Transcript of Overlapping Ring Neighbor Monitoring Algorithm

Page 1: Overlapping Ring Neighbor Monitoring Algorithm

Proceedings of netdev 2.1, March 6-8, 2017, Montréal, QC, Canada

Overlapping Ring Neighbor Monitoring Algorithm

Jon Paul Maloy, M. Sc.

Ericsson Canada Inc

Montréal, Canada

jon. [email protected]

Abstract

Keeping track of neighboring nodes’ availability inside a cluster

has always been a resource demanding task, and this demand tends

to grow more than linearly with increasing cluster size. This paper

presents an algorithm that makes it possible for each cluster

member to monitor the presence of more than a thousand neighbor

nodes without requiring unreasonable amounts of CPU and

network resources, while still being able to discover failure of any

of those nodes within a second. The algorithm is combining the

best features of the ring monitoring, Gossip and TIPC neighbor

monitoring protocols, while largely avoiding the drawbacks of

those. The described algorithm was introduced into TIPC in Linux

4.7. It should be noted that this paper deals with the problem of

neighbor loss detection only; neighbor discovery is assumed to be

handled by a different algorithm

Keywords

Ring Monitoring, Gossip, TIPC, Neighbor Monitoring, Neighbor

Supervision.

Introduction

There are at least two reasons for wanting to monitor the availability of cluster neighbors. The first one is to have established connections to a failing node aborted within a short time range, preferably a second or less, instead of waiting for minutes or even hours as is currently often the case. The second is to provide a fast and generic availability service to subscribing users, such as cluster managing software or consensus protocols. The traditional solution to the first task has been to speed up the connection keepalive timer to sub-second level. But this approach is unsuitable as a general solution, because a cluster and even a single node might host thousands of simultaneous connections, with each endpoint requiring a high-speed timer. As CPU load increases linearly with number of peer sockets to monitor, and network load increases with the square of that number, the resource demand would quickly become unsustainable. Experience shows that it is impractical to have much more than a hundred such connections to monitor per node. The second task is typically solved by keeping a set of daemons, one on each node, and let those maintain a full mesh of tightly monitored connections dedicated to discovering node failures. This approach provides the desired service, but has several weaknesses. If a daemon crashes or starves while the rest of the node is working well, users will receive false positives, potentially leading to inconsistent cluster views and confusion. Neither does this

service provide much help with solving the first problem, as there is no built-in association between the monitored connections and all the other connections to the same node. Finally, this solution suffers from the same scalability limitation as the first approach; it cannot scale much beyond one hundred nodes without causing unreasonable CPU and network load. It would be highly desirable if we could achieve a service of the second type which also provides a built-in solution to the first problem, while at the same time scales at least an order of magnitude better than current full-mesh approaches. The algorithm described in this paper fulfils these requirements.

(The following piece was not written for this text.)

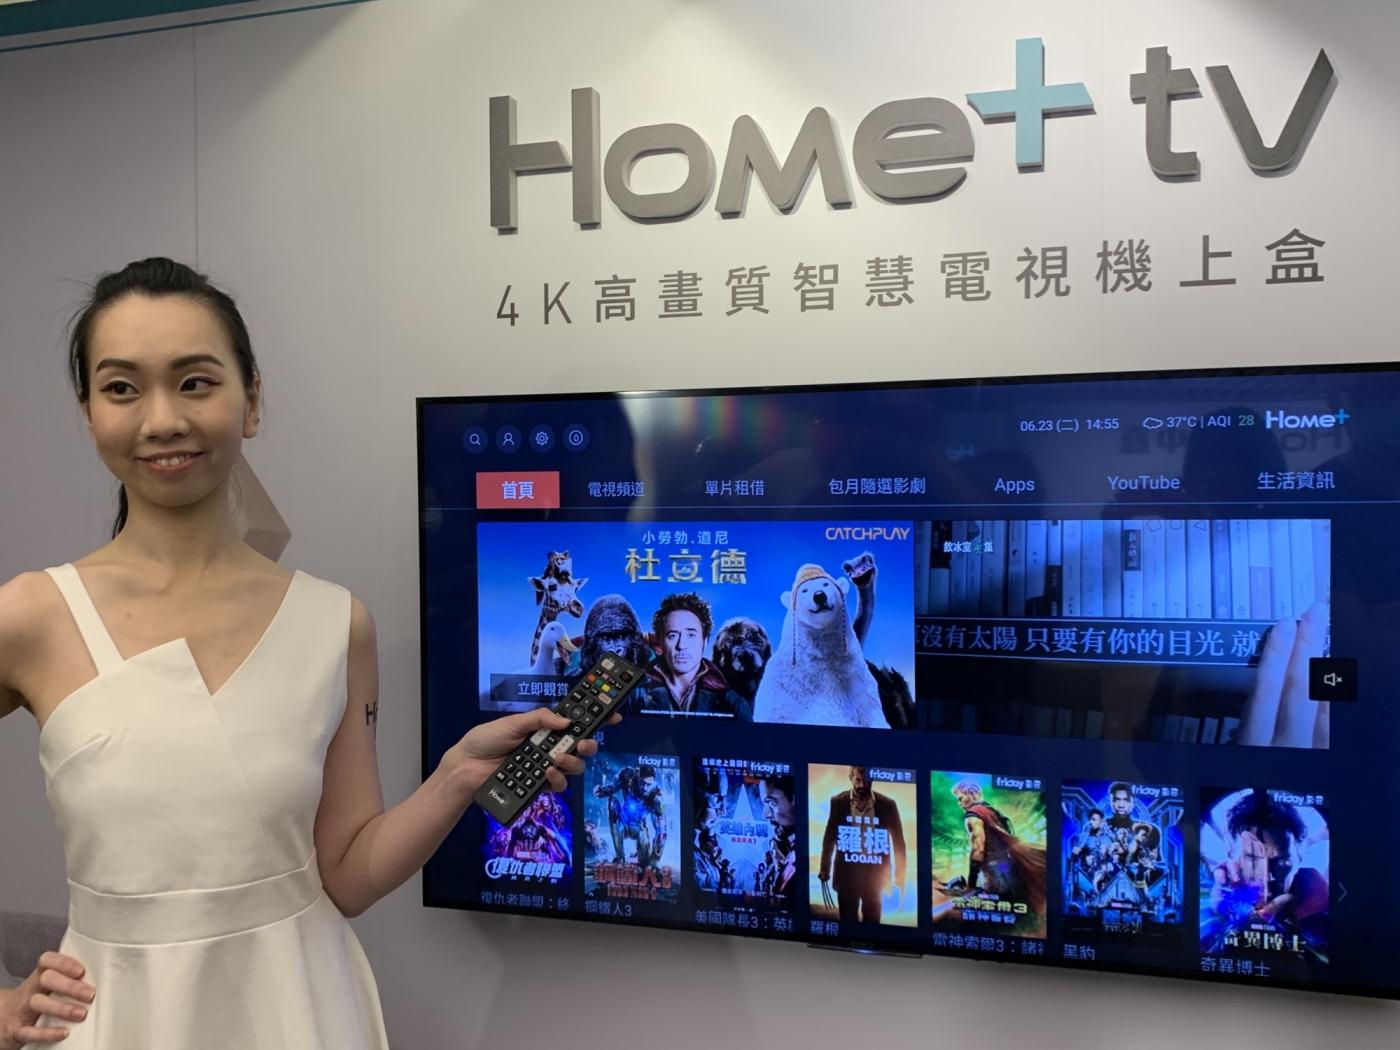 頂替bb寬頻、中嘉全新品牌「Home+」上路!董事長:5G走入家庭一定要靠我們

State of The Art There are currently at least three algorithm types to consider when looking for a solution; full-mesh monitoring, ring monitoring and Gossip type protocols. We describe and exemplify each and one of them in this chapter.

TIPC Neighbor Monitoring before Linux 4.7 TIPC has from the beginning provided a solution to both the first and the second tasks. [1][2] To achieve this, each node maintains one or two actively monitored links to all neighbor nodes, as is shown in fig. 1 below. Each link endpoint in their turn keep a list of references to all local sockets having a connection to its peer node. When connectivity to a node is lost all associated sockets can hence be notified via a dedicated pseudo message telling them to break the connection. At the same time, a generic service registry is informed about the event, so that other interested users also may receive notifications.

Fig 1: Aborting connections when associated link is broken While the first part of the requirements stated in the introduction chapter is fully satisfied, the second part, about scalability, is not. Since the actively monitored links are set up in a full mesh pattern, CPU load will increase by O(N),

Page 2: Overlapping Ring Neighbor Monitoring Algorithm

Proceedings of netdev 2.1, March 6-8, 2017, Montréal, QC, Canada

while network load grows by O(N2). We need a better solution to this if we want to get beyond the one hundred node barrier.

Ring Monitoring A possible alternative to the full-mesh scheme to use a ring topology, as depicted in fig. 2. The nodes are sorted into a logical ring based on some common criteria, and each node takes on the task of monitoring the next downstream neighbor in the list. Node failures can then be detected in different ways, e.g., by detecting the loss of a circularly roaming token, as is done by the Totem Single-Ring Protocol - the primary configurable alternative in Corosync, or by heartbeats – the second alternative. [3] [4]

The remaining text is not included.